Saturday, April 19, 2014

Dogs & Bears

The view of God’s Mountain was breathtaking. I felt as though I was exactly where I was meant to be as I looked out the cabin’s loft window. The college and career ministry team from my church had returned to help around the youth mission camp after being there four months earlier to do repairs on a home in the Appalachian. God’s Mountain is in the Vonore and Tellico Plains areas of Tennessee.   As I looked out the window I saw two dogs. Randy and Phyllis, who run the camp, have about six dogs that roam freely over their eighty eight acres. I had not seen these two dogs when I was there months earlier.  I ran down the stairs and out on to the porch to have a closer look at the scruffy Saint Bernard and young yellow Labrador retriever. They were friendly but hesitant to come close and then eventually approached for me to pet them. I found out the dogs, Mosby, the Saint Bernard, and Stuart, the lab, both named after officers in the civil war, belonged to the camp’s neighbor.

One day Randy, Phyllis and I were talking about the bears in the area. Their neighbor’s garage had a doggie door big enough for Mosby to get through. One night he heard Mosby barking and went to investigate. A bear had come through the doggie dog and ran off with the dog food.

Another neighbor had a similar episode. He overheard his dogs barking in their kennel and looked out the window. There was this huge black bear on his porch, reaching up to get the dog food off the top shelf and then rambled off with the food.

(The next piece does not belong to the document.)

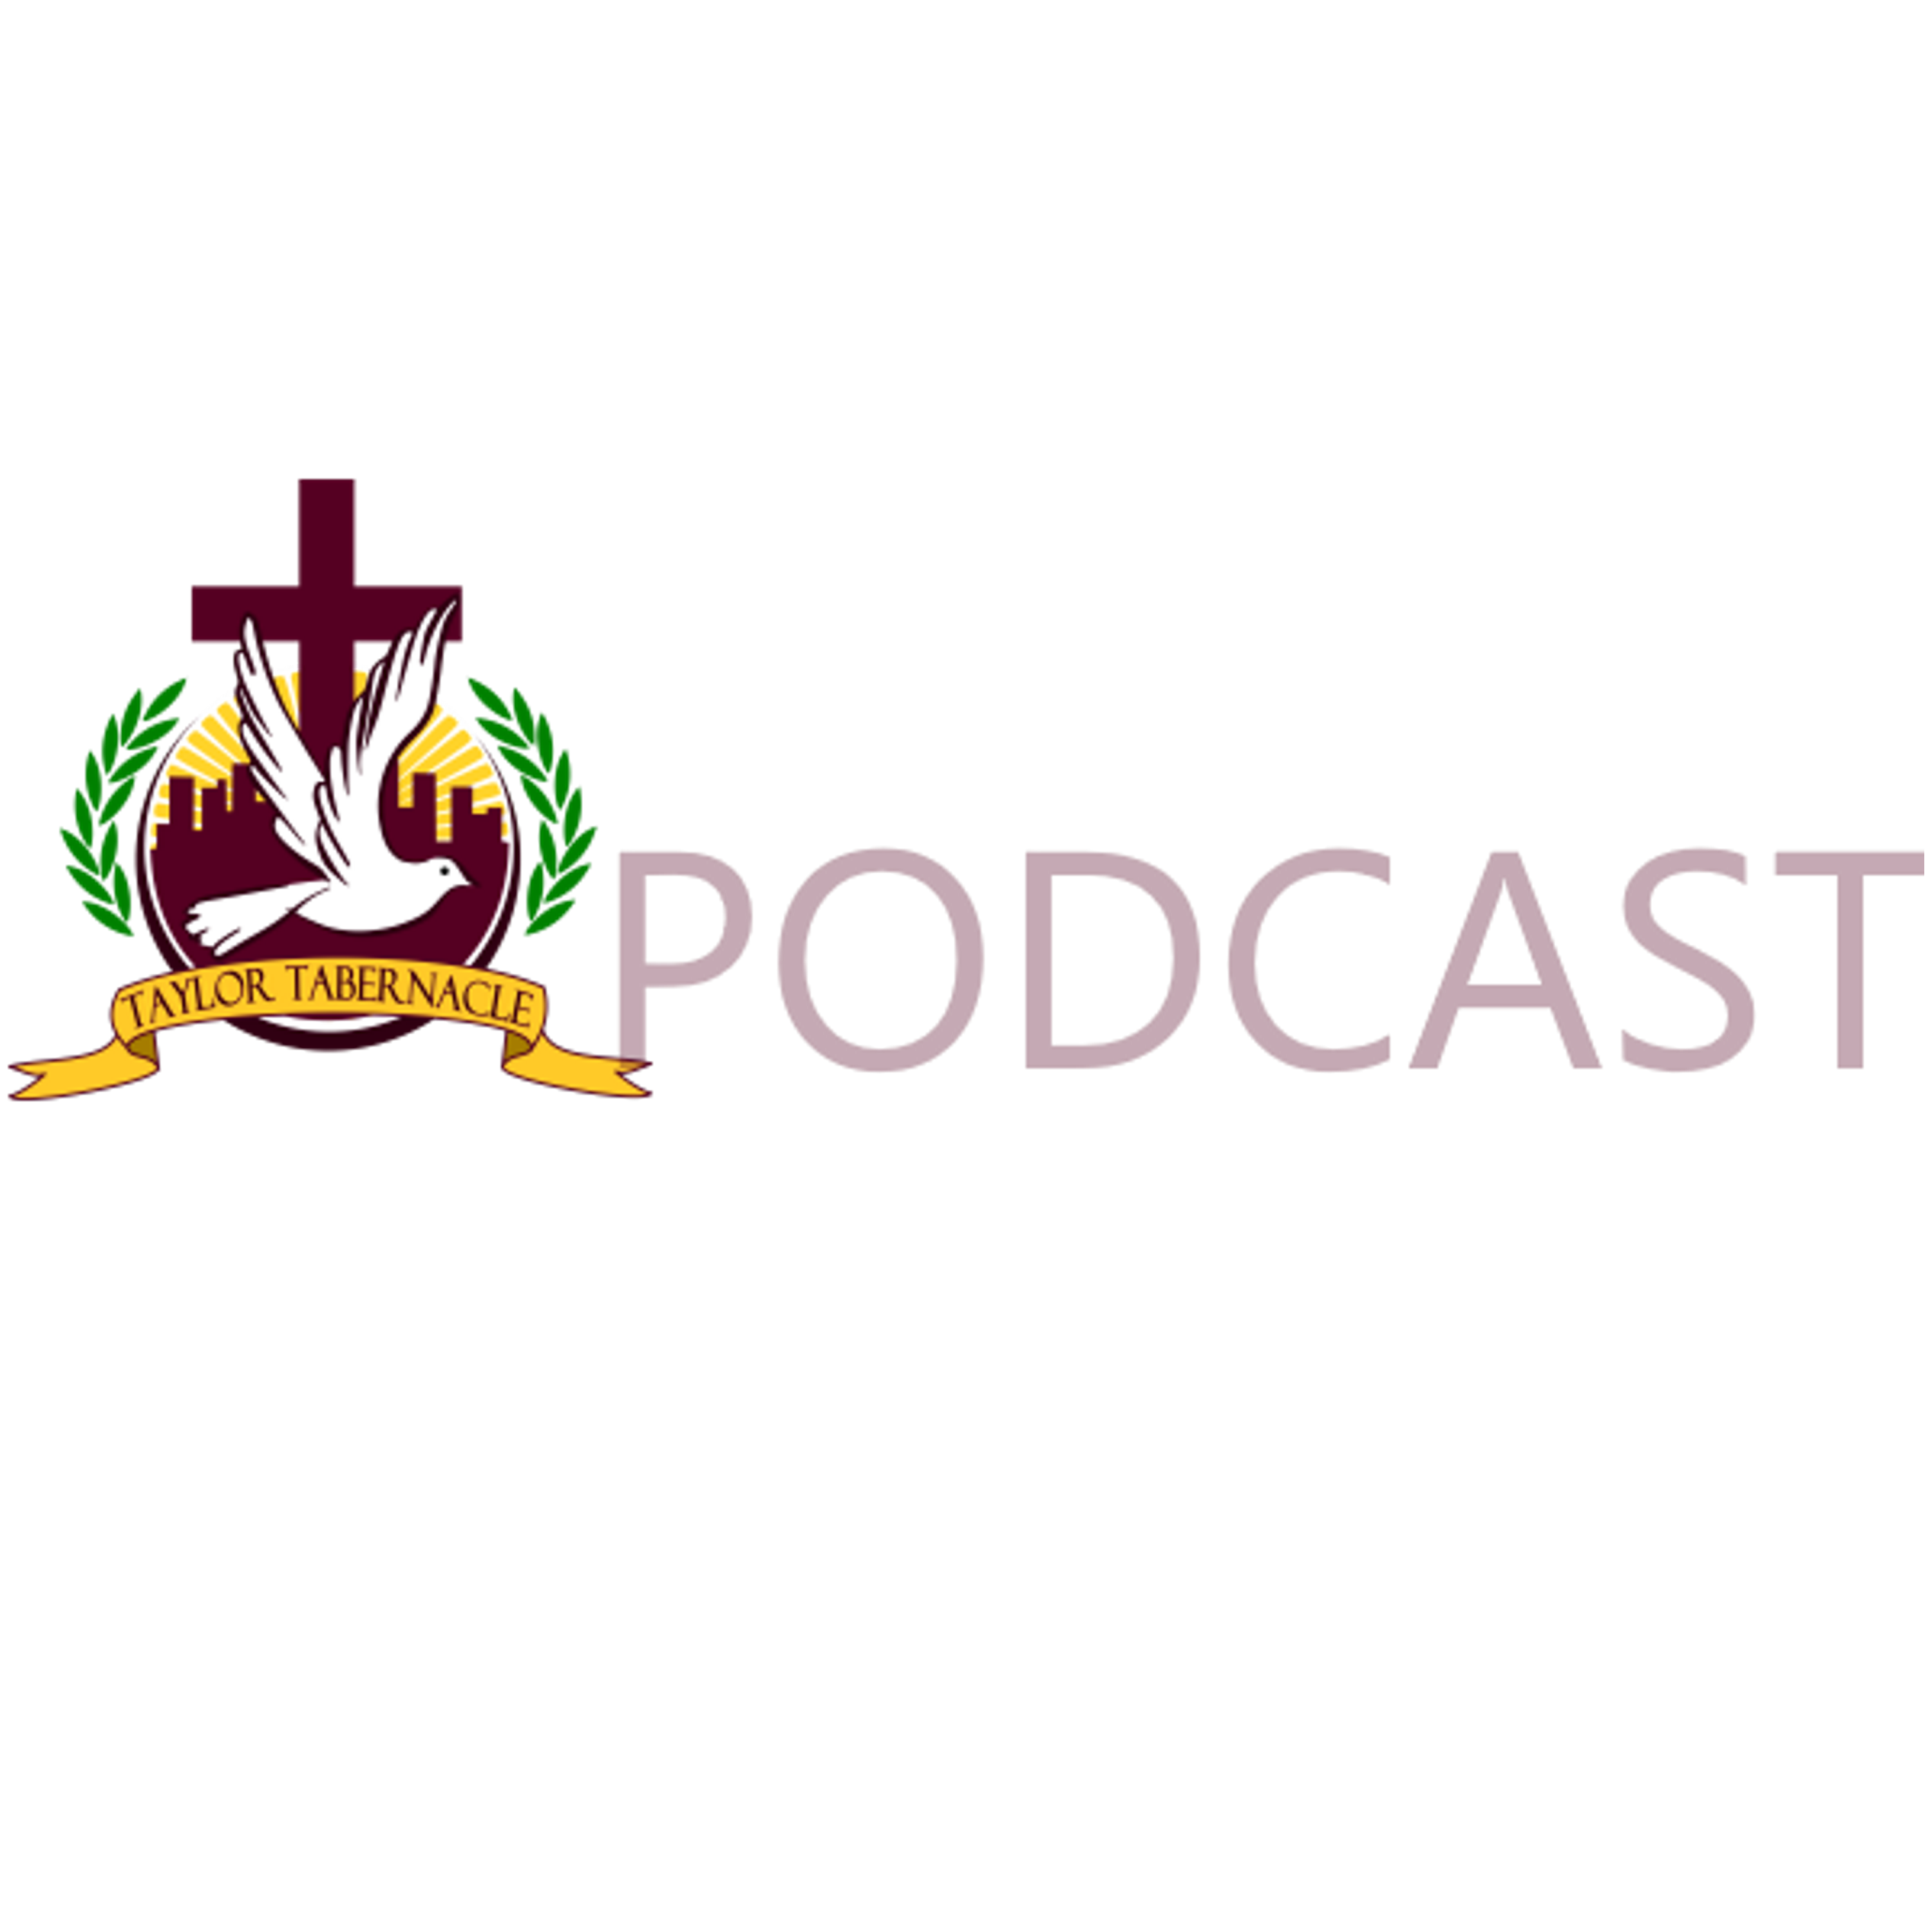 Taylor Tabernacle Podcast

Phyllis recalled the bear that came near their home. They contacted the rangers at the national forest next to their property who set up a bear cage. A few weeks later in the middle of the night she woke Randy up. “We have a bear in the trap’ she told him. They quickly rode over to see the bear but could only see a black nose. When the rangers opened the trap, it wasn’t a bear but Lady their golden retriever. A couple of weeks later, they heard the trap again. This time there was no mistaken they had a bear and he was not happy. The rangers weighed, tagged, and then returned him to the forest.